At the beginning of life children are entirely embedded in the processes which build up the body. They are also fully dependent on their human and sensory environment. They start out on their earthly path by expressing in everything they do: "I do not want to remain as I am! I want to be like the grown-ups!"
Bodily growth itself expresses the fact that development towards maturity is not linear, for each phase is accompanied by its own possibilities and crises. The change of teeth and puberty are two marked events which hint at interruptions and turning points and thus divide the life of the child roughly into three parts each of which has its own specific subdivisions:
- The first phase: infancy up to the change of teeth.
- The second phase: from the change of teeth to puberty, i.e. the schoolchild proper.
- The third phase: from puberty to maturity, i.e. secondary school and young adulthood.
It would be wrong to see this as a rigid scheme, however. Any theory of fixed phases is quite rightly unacceptable in current educational science since such a theory contradicts living reality. On the other hand every physical change expresses a step forward in soul/spiritual development, as Jean Piaget has shown. (Jean Piaget and Bärbel Inhelder, 1969, "The psychology of the child." New York: Basic Books, original work published 1966. Jean Piaget, "The Essential Piaget", published by Jason Aronson, 1995.) We can only bring up children in the right way if we know what constitution is specific to a particular age. So apart from studying anthropology and psychology it is essential and indispensable to exercise unprejudiced observation.
In turning to a consideration of the specific qualities that prevail at different ages we must first point to Steiner's discovery of the different function systems in the human being: The motor functions belong to what has been termed the realm of the limbs and metabolism. Every movement is a bodily expression of the will. The rhythmical system - breathing and circulation - is the bodily expression of a human being who experiences and feels; fear, joy, pain and so on affect breathing and pulse. The system of nerves and senses, the consciousness pole as such, has its centre in the region of the head (brain). It corresponds with the activity of knowing. A human being is only healthy when all three systems work together and form a whole. We can all experience the benefits of a brisk walk after concentrated work at the computer which exercises only the head. If we want to concentrate our thoughts after a substantial meal we have to overcome a good deal of resistance. We are healthy when none of the three systems permanently suppresses the others.
It is possible to relate these three systems sequentially to the three phases mentioned above. Before the change of teeth children as beings of emotional "will" live primarily in their movements. Even their senses, their speech and thinking, are linked to movement and are thus for the most part bound up with the body. This is illustrated by the way in which four-year-olds, for example, immediately want to transpose anything they see or hear into movements of their own. This is how they learn to speak and also how they begin to play. It is impossible to imagine children prior to the change of teeth sitting with arms folded waiting for a meal to begin. Perception immediately triggers a will activity of the limbs. Inner and outer movement are still entirely intermingled.

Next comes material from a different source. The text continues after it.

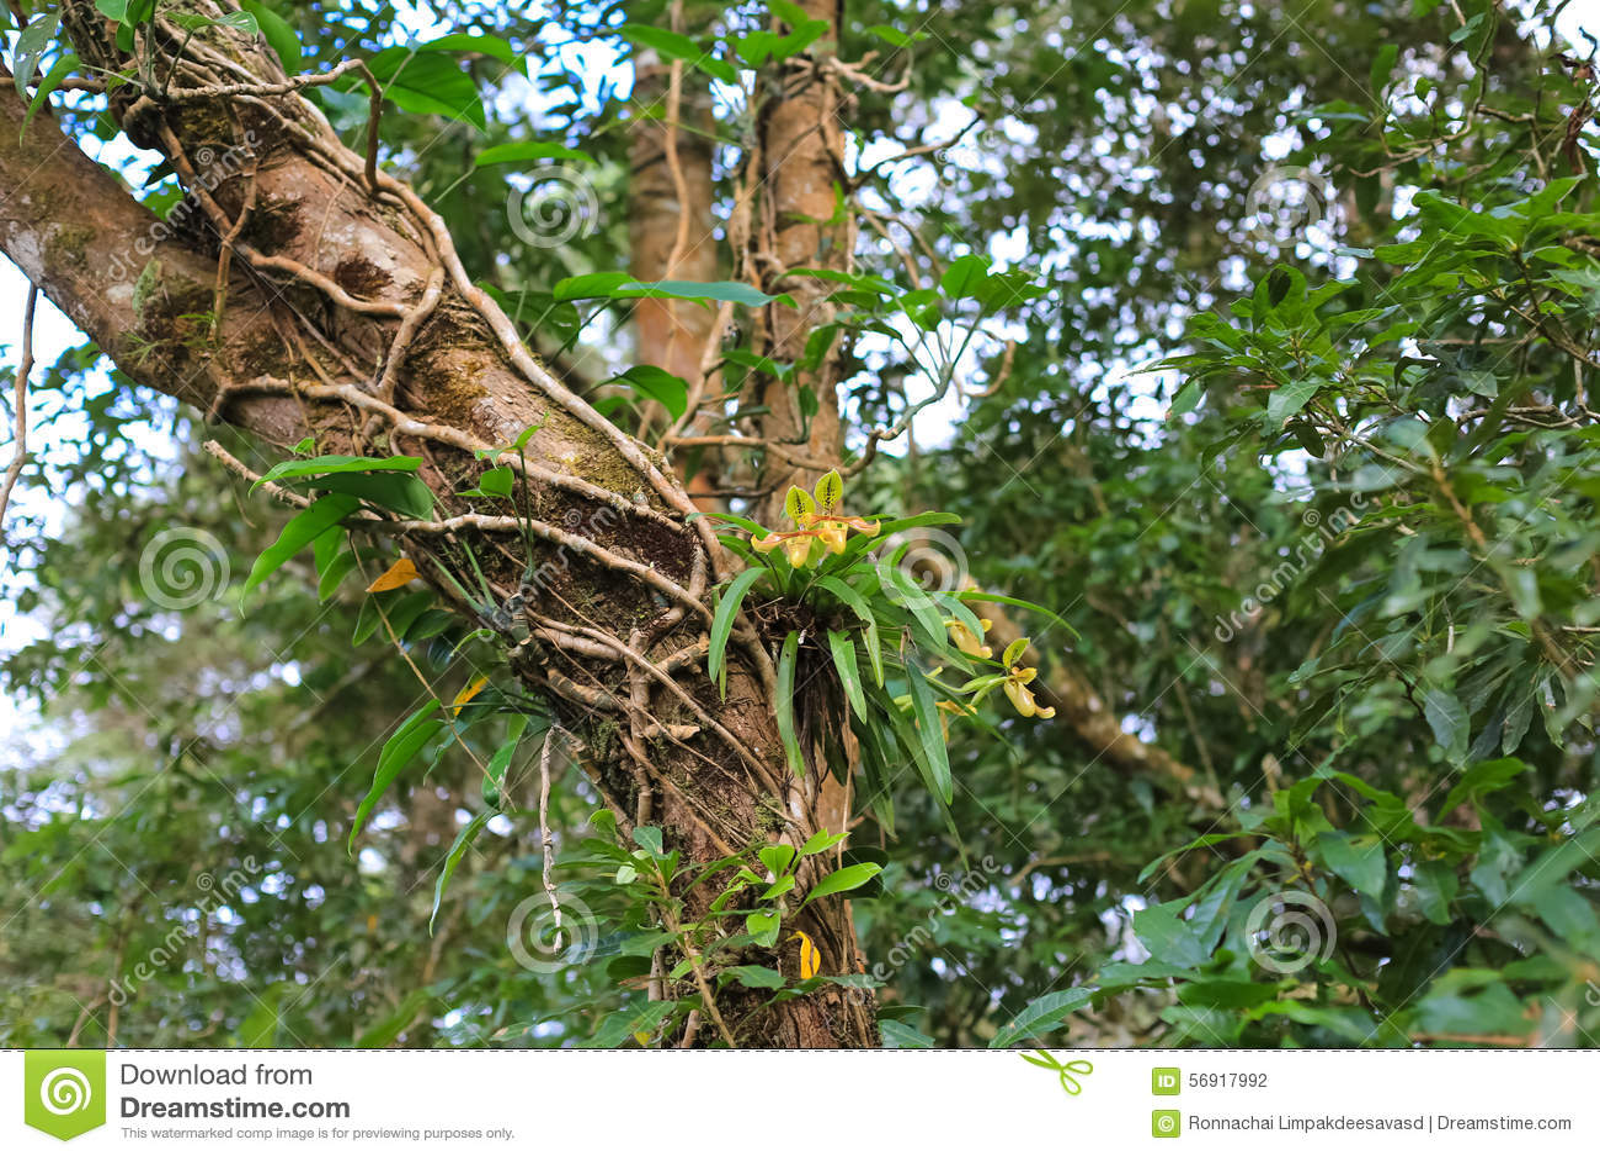 Orchideen im tropischen regenwald  Orchideen Im Regenwald Stockfoto - Bild: 56917992
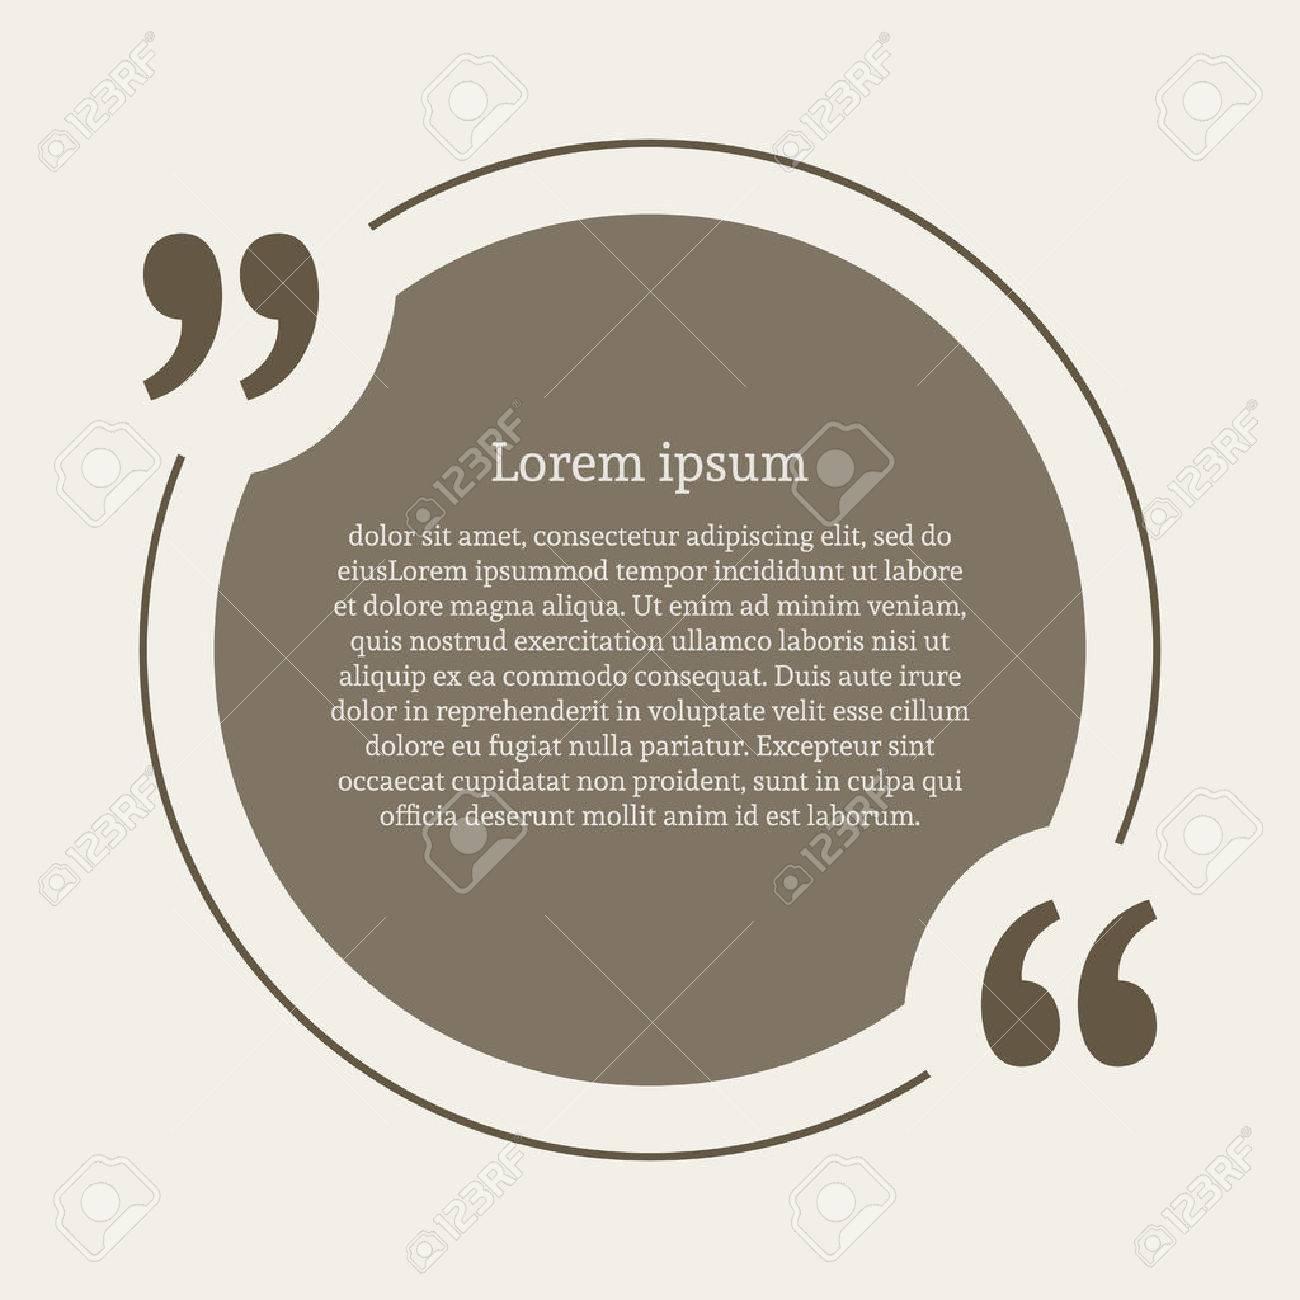 Quotation mark speech bubble. Empty quote blank citation template. Round design element for business card, paper sheet, information, note, message, motivation, comment etc. Vector illustration. - 54428809

Then, once the teeth have changed, inner movement begins to extricate itself from outer movement. A space of inner experience begins to form, which indicates that the rhythmical system is emancipating itself from the system of the limbs. This is also the age when the harmonious 1:4 ratio of breath to pulse begins to establish itself. Finally, when puberty is reached thinking begins to assert its independence. Human beings wake up in the exercise of their critical faculty, their voice deepens, their limbs grow heavy. It is as though the youngsters have finally arrived on the earth and are searching to find their individual personality. Needless to say, this involves a good many symptoms of transition as earlier experiences re-echo and future conditions are anticipated. The principal is that children wake up first in their limbs, then in the middle system connected with feelings and experiences, and finally in their head, the seat of critical thinking.
Since the human being forms a totality there are inner links between moving, speaking and thinking. These links have been largely confirmed by the immense progress made in brain research during the final decades of the twentieth century. An original and very readable summary can be found in Frank R. Wilson's "The Hand: How Its Use Shapes the Brain, language, and Human Culture", New York: Pantheon, 1998.
At every phase the human being is a totality which differs from the earlier and later stages of development in the way the three systems relate to one another and thus to the subject undergoing the development.
By and large we can say that moving, speaking and thinking are intimately bound up together in the small child; they are stimulated by the environment as it is perceived by the senses and absorbed and developed by means of imitation. As the child grows older he or she becomes increasingly capable of utilizing these three main functions independently of on another.